El osteosarcoma se consolida como el tumor óseo maligno primario más frecuente en la población pediátrica, con un pico de incidencia crítico entre los 10 y 20 años de edad.

Esta patología, que se origina en las células mesenquimales primitivas formadoras de hueso, muestra una predilección por la metáfisis de los huesos largos, localizándose en el 30% de los casos en el fémur distal, seguido en frecuencia por la tibia proximal y el húmero proximal.

Aunque se trata de una enfermedad rara, representa la quinta causa de cáncer en jóvenes, lo que subraya la importancia de un diagnóstico precoz y un manejo especializado.

Desde la perspectiva clínica, el síntoma cardinal que debe alertar al facultativo es el dolor óseo progresivo, que típicamente se intensifica durante la noche y no muestra mejoría con el reposo.
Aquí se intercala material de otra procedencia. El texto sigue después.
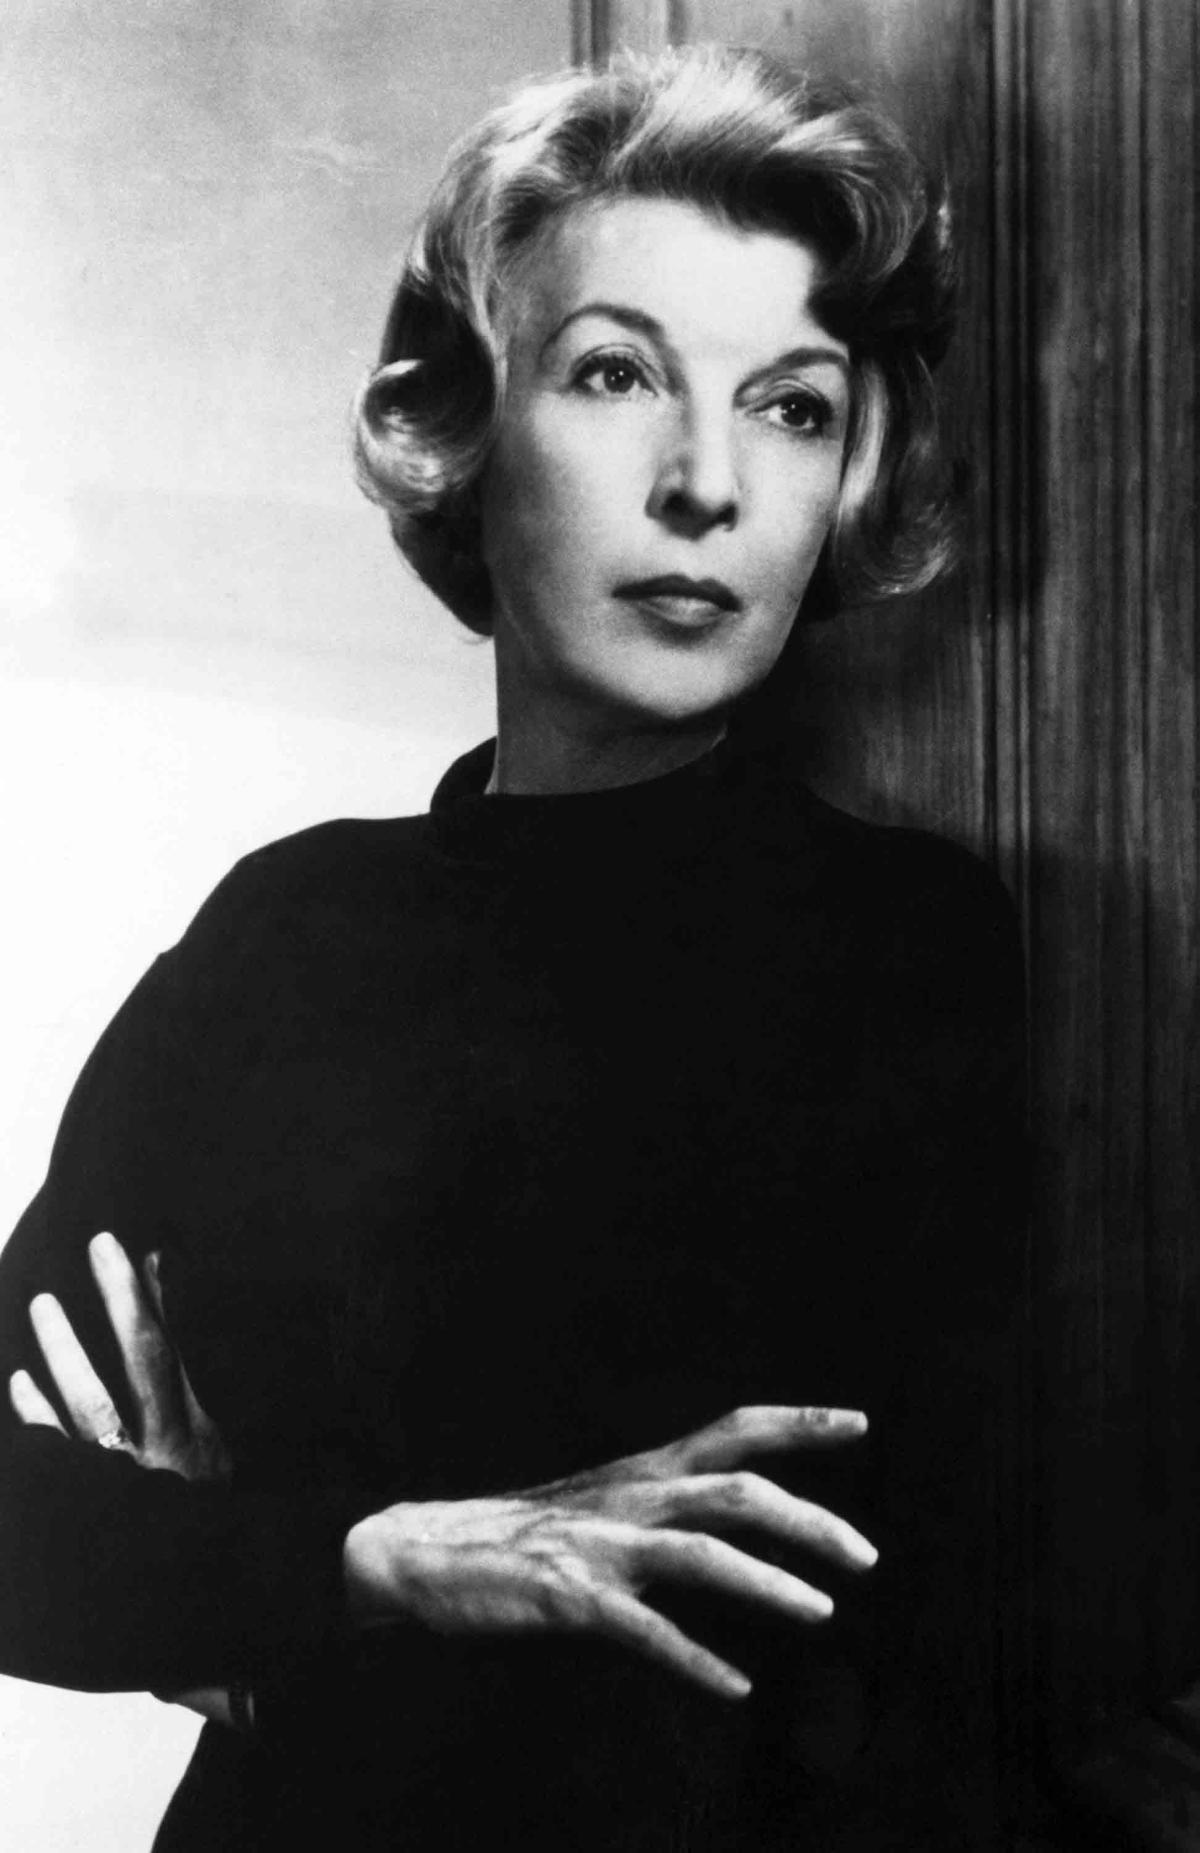 Gellhorn, later in life, in her London flat.

Es un error común en la práctica diaria atribuir este dolor exclusivamente a traumatismos deportivos menores; es fundamental entender que el golpe suele ser solo el evento que hace evidente una lesión preexistente.

Durante la exploración física, es posible palpar una masa firme y fija, y en estadios más avanzados, el paciente puede debutar con una fractura patológica, signo de una destrucción cortical severa que complica el pronóstico y la planificación quirúrgica.
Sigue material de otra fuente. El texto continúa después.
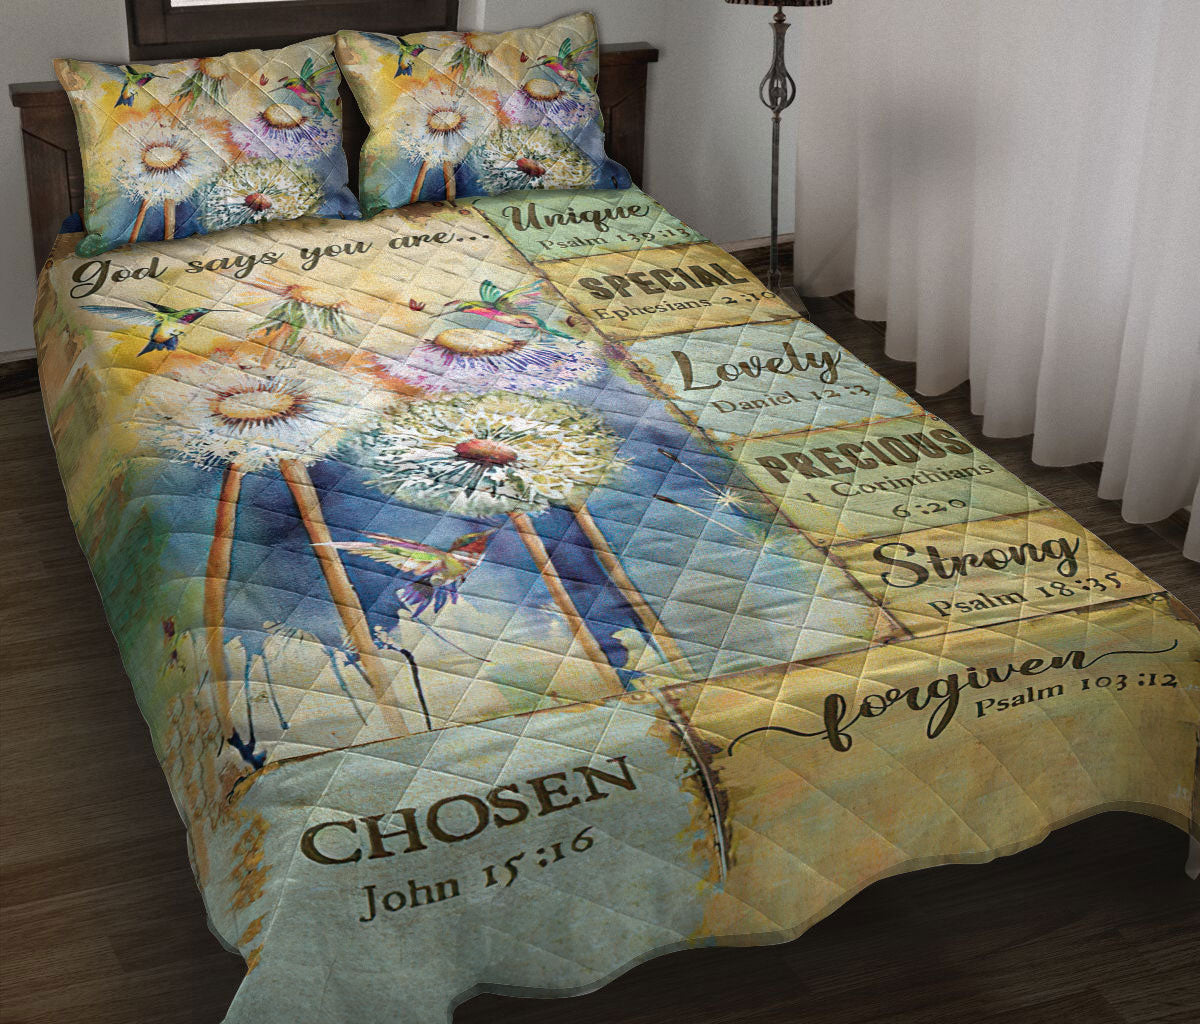 Ohaprints-Quilt-Bed-Set-Pillowcase-Hummingbird-Dandelion-Flower-God-Say-You-Are-Unique-Vintage-Yellow-Blanket-Bedspread-Bedding-2640-Throw (55'' x 60'')

El abordaje diagnóstico actual exige una combinación precisa de biomarcadores y técnicas de imagen avanzada. La radiografía simple puede revelar patrones de agresividad como el triángulo de Codman o la imagen en sol naciente, pero la resonancia magnética (RM) se mantiene como el estándar de oro para determinar la extensión local y guiar la cirugía. Debido a que el 90% de las metástasis ocurren en los pulmones, la tomografía computarizada (TC) de tórax es un requisito obligatorio para el estadiaje inicial.
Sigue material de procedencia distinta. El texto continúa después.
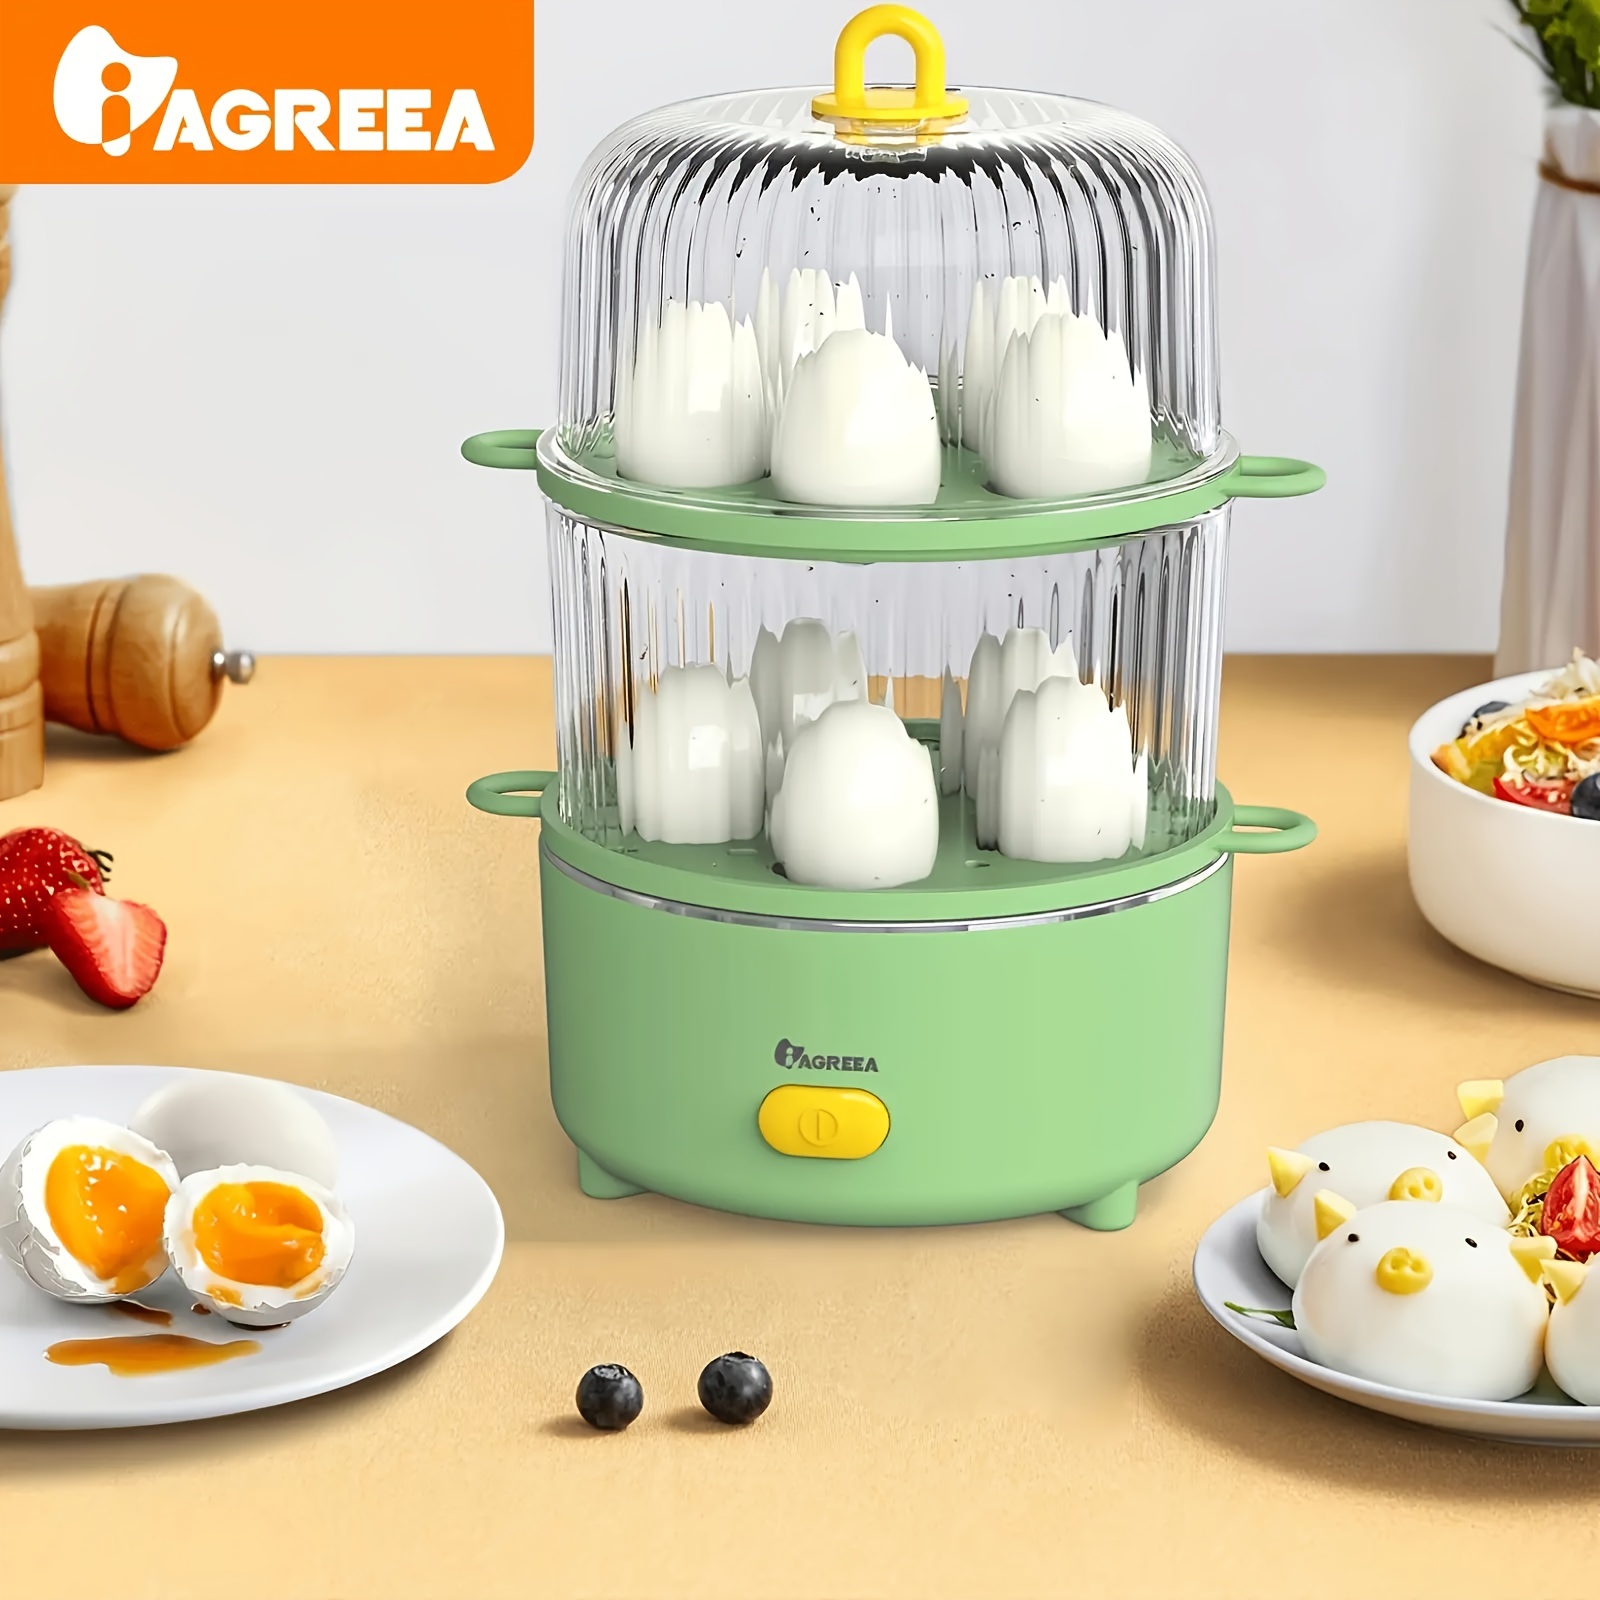 10 Capacity, Egg Cooker For Hard Boiled, Poached, Scrambled Eggs, Omelets,  Steamed Vegetables, & More, With Auto Shut Off Feature

En el laboratorio, la elevación de la fosfatasa alcalina y la lactato deshidrogenasa (LDH) actúan como potentes indicadores de una alta carga tumoral y un comportamiento biológico agresivo.

La biología molecular del osteosarcoma revela una estrecha relación con alteraciones genéticas en los genes RB1 y TP53, frecuentemente asociadas a síndromes como el de Li-Fraumeni. Histológicamente, el subtipo osteoblástico convencional es el más prevalente, caracterizado por la producción directa de matriz osteoide por células malignas. Un principio oncológico innegociable es que la biopsia debe realizarse siempre sobre el eje de la incisión quirúrgica definitiva. Un abordaje incorrecto en este punto es la causa principal de contaminación de tejidos sanos y el error más prevenible que deriva en amputaciones innecesarias.

En cuanto al tratamiento, el estándar de oro sigue siendo el protocolo MAP, que combina metotrexato a dosis altas, doxorrubicina y cisplatino. Este esquema inicia con quimioterapia neoadyuvante para reducir la masa tumoral, seguida de una cirugía de salvamento de la extremidad, la cual es posible en el 90% de los pacientes gracias a los avances en técnicas de reconstrucción.

La respuesta al tratamiento se valida mediante el estudio histológico de la pieza quirúrgica, donde una necrosis tumoral igual o superior al 90% se considera un factor pronóstico favorable para la supervivencia a largo plazo.

A pesar de estos esfuerzos, la supervivencia global en casos localizados se ha estancado cerca del 60% al 70% en las últimas décadas, mientras que en la enfermedad metastásica la cifra desciende drásticamente al 20%.

Se están investigando inhibidores de tirosina quinasa como el sorafenib y el cabozantinib, así como la inmunoterapia con inhibidores de puntos de control. Además, la terapia con células CAR-T y la innovadora terapia oncolítica viral, que utiliza combinaciones de virus para atacar el tumor, representan las promesas más sólidas para mejorar el pronóstico en casos recurrentes o refractarios.

Finalmente, el éxito terapéutico no termina con la remisión, ya que los supervivientes requieren un seguimiento riguroso para gestionar los efectos secundarios tardíos. La exposición a la doxorrubicina impone un riesgo de miocardiopatía dependiente de la dosis, lo que obliga a realizar ecocardiogramas periódicos. Asimismo, el uso de cisplatino puede derivar en ototoxicidad y daño renal, mientras que el metotrexato puede comprometer la función hepática.

El futuro del manejo del osteosarcoma pediátrico reside en la integración de un enfoque multidisciplinario, una técnica quirúrgica impecable y la incorporación personalizada de las nuevas terapias biológicas.